2

When BERT is used for masked language modeling, it masks a token and then tries to predict it.

What are the candidate tokens BERT can choose from? Does it just predict an integer (like a regression problem) and then use that token? Or does it do a softmax over all possible word tokens? For the latter, isn't there just an enormous amount of possible tokens? I have a hard time imaging BERT treats it like a classification problem where # classes = # all possible word tokens.

From where does BERT get the token it predicts?

Nick Koprowicz
  • 223
  • 1
  • 3
  • 10

1 Answers1

2

There is a token vocabulary, that is, the set of all possible tokens that can be handled by BERT. You can find the vocabulary used by one of the variants of BERT (BERT-base-uncased) here.

You can see that it contains one token per line, with a total of 30522 tokens. The softmax is computed over them.

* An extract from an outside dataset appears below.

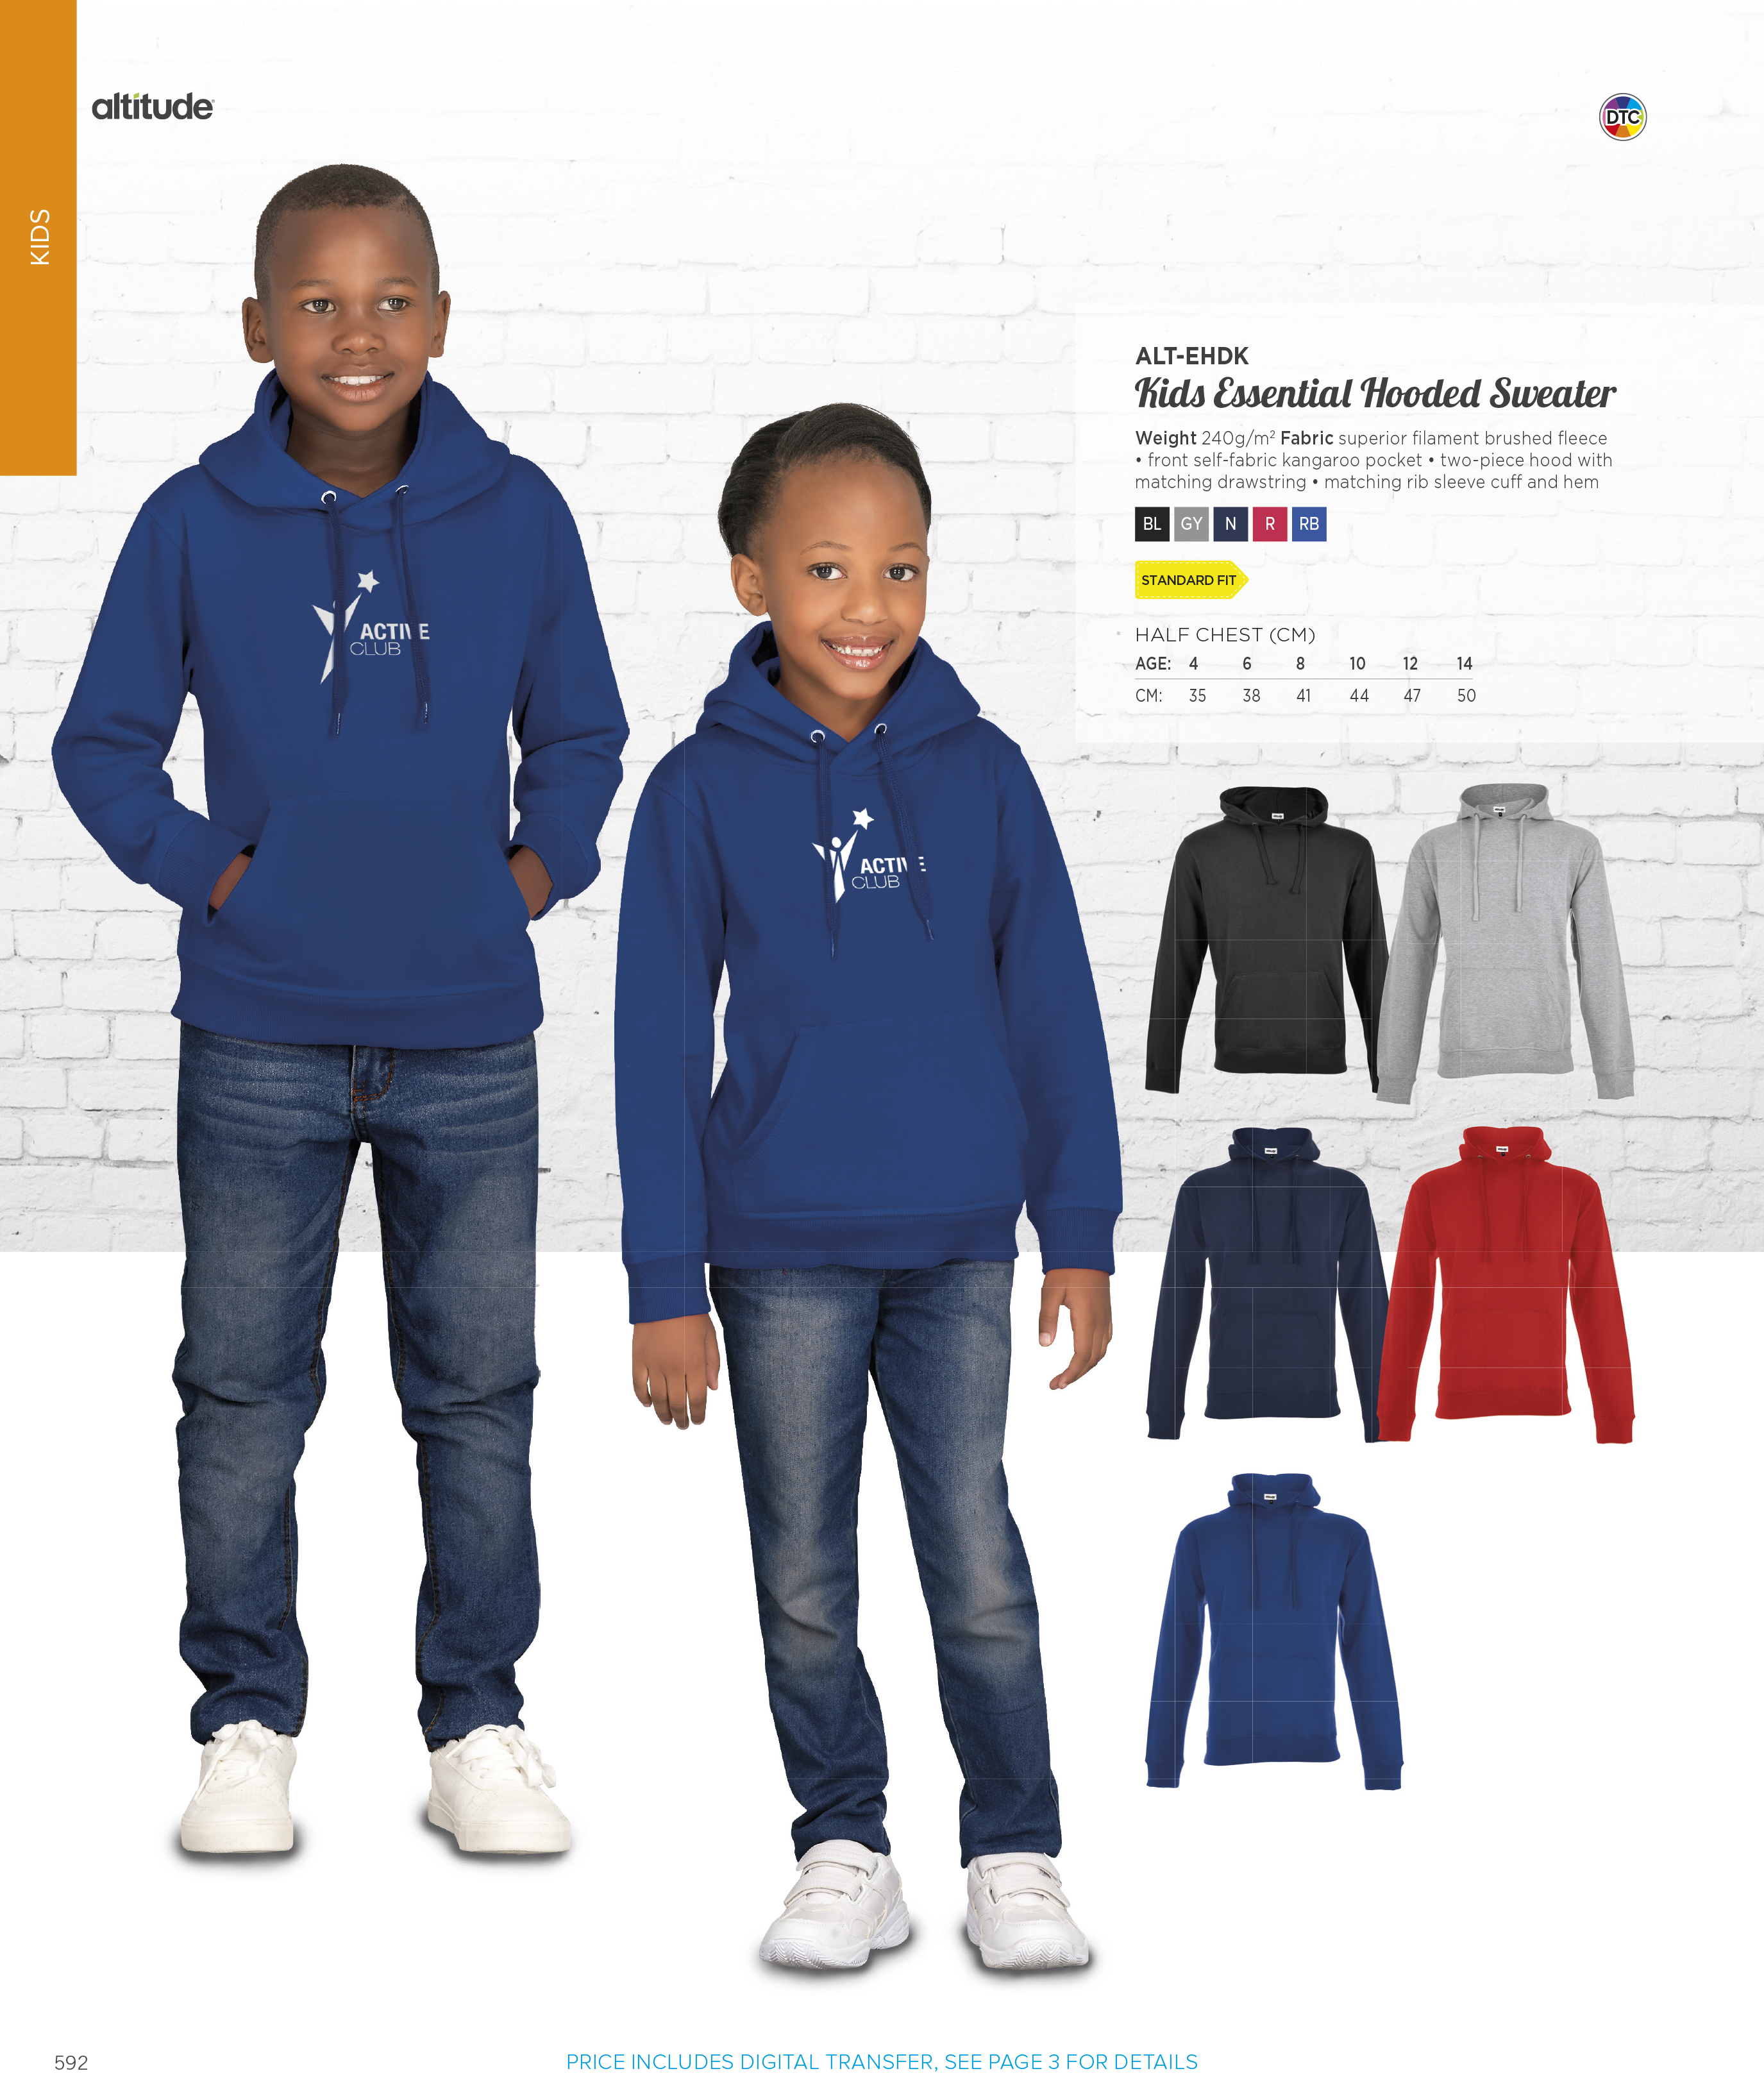 Kids Essential Hooded Sweater CATALOGUE_IMAGE
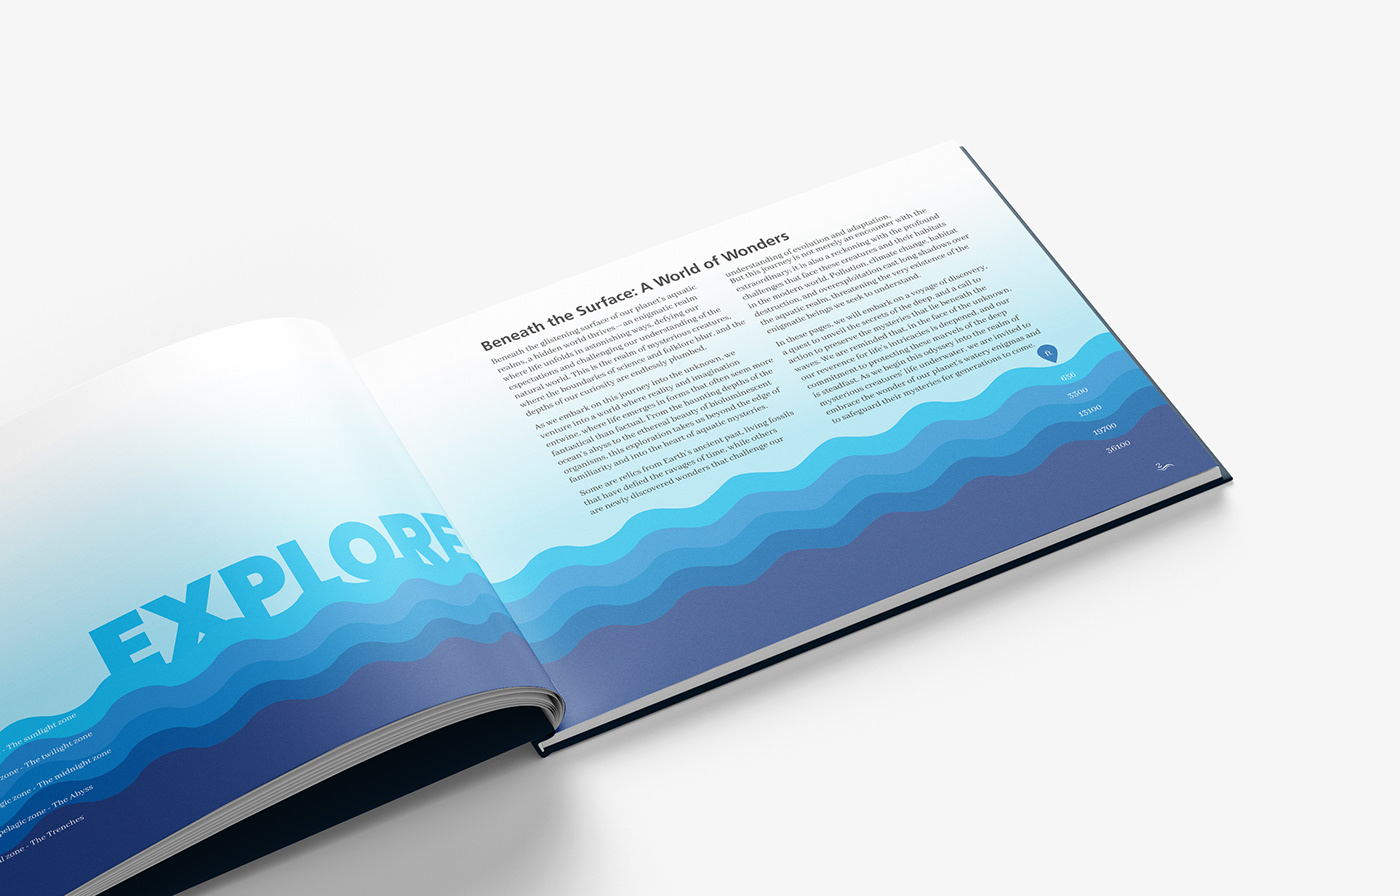 COFFEE TABLE BOOK Layout Design publication design editorial student project beneath the waves Underwater book

The token granularity in the BERT vocabulary is subwords. This means that each token does not represent a complete word, but just a piece of word. Before feeding text as input to BERT, it is needed to segment it into subwords according to the subword vocabulary mentioned before. Having a subword vocabulary instead of a word-level vocabulary is what makes it possible for BERT (and any other text generation subword model) to only need a "small" vocabulary to be able to represent any string (within the character set seen in the training data).

noe
  • 28,203
  • 1
  • 49
  • 83